Forecasters predict that as Harvey moves north it could also cause flooding in Tennessee and Kentucky, and say its outer bands have brought rain to Atlanta. New Orleans may also see heavy rain, which could overwhelm the city’s crippled pumping system.

Gov. Greg Abbott said Wednesday that the number of Texas National Guardsmen deployed in Texas flood zones has increased from 12,000 to 14,000, and he is asking for another 10,000 guardsmen from other states.

Abbott said the federal government granted his request to add 14 Texas counties to the federal disaster declaration, which will allow residents to apply for aid with the Federal Emergency Management Association, bringing the total of Texas counties under the declaration to 33.

Houston’s George Bush Intercontinental and Hobby Airports opened up Wednesday for limited flights after Harvey forced them to shut down Sunday.

More than 51,000 customers in the nine-county Houston region were still without power early Thursday, CenterPoint Energy said, and state officials said 32,000 people were in shelters Wednesday night.

Two explosions were heard at 2 a.m. Thursday and black smoke spewed from an Arkema chemical plant in Crosby, northeast of Houston, the company said.

Arkema evacuated all of its employees Tuesday, and 300 residents within 1½ miles of the plant were voluntarily evacuated after the plant lost power and refrigerated organic peroxides began to heat up.

“Unprecedented flooding overwhelmed our primary power and two sources of emergency backup power.
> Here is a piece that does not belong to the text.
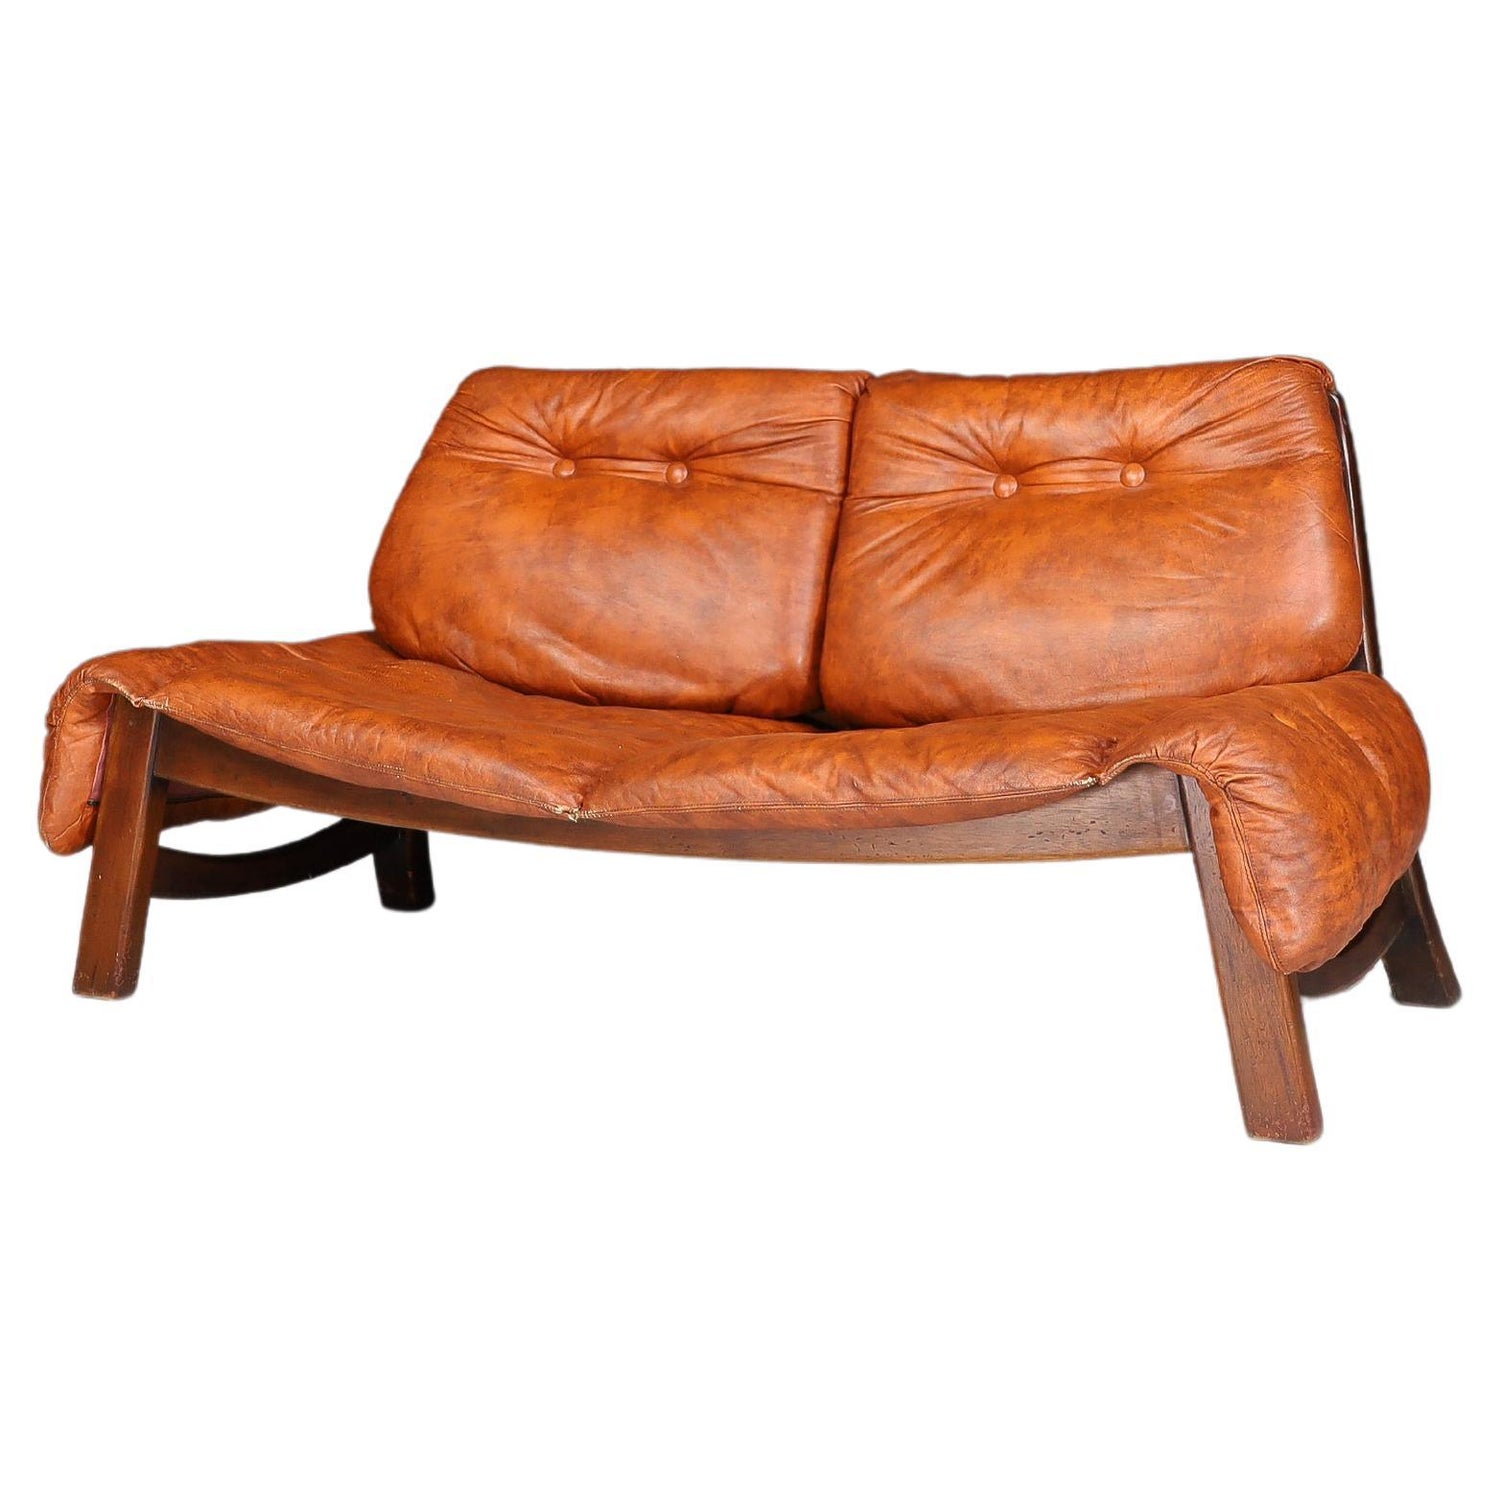 Beliebte Klassiker Lounge Sofa in by 1stDibs Bighinello George Leather Italy, Eurosalotto, at Sale 1970s Cognac For for

As a result, we lost critical refrigeration of the products on site. Some of our organic peroxides products burn if not stored at low temperature,” the company said.

Both Arkema and city officials said that “the best course of action is to let the fire burn itself out” because the chemicals involved were volatile.

A total of 15 officers with the Harris County Sheriff’s Office went to the hospital due to the smoke and fumes, though nine of the officers drove themselves to the hospital only as a precaution, Harris County Sheriff’s Office spokesman Jason Spencer said Thursday.

The hospital told the sheriff’s office that none of the officers suffered any life-threatening injuries, Spencer said.

Mayor Sylvester Turner said Houston garbage truck drivers were expected to get back to work Thursday. Public schools are expected to open Monday, a week late, as the enormous cleanup begins.

Courthouse News reporter James Palmer contributed to this story.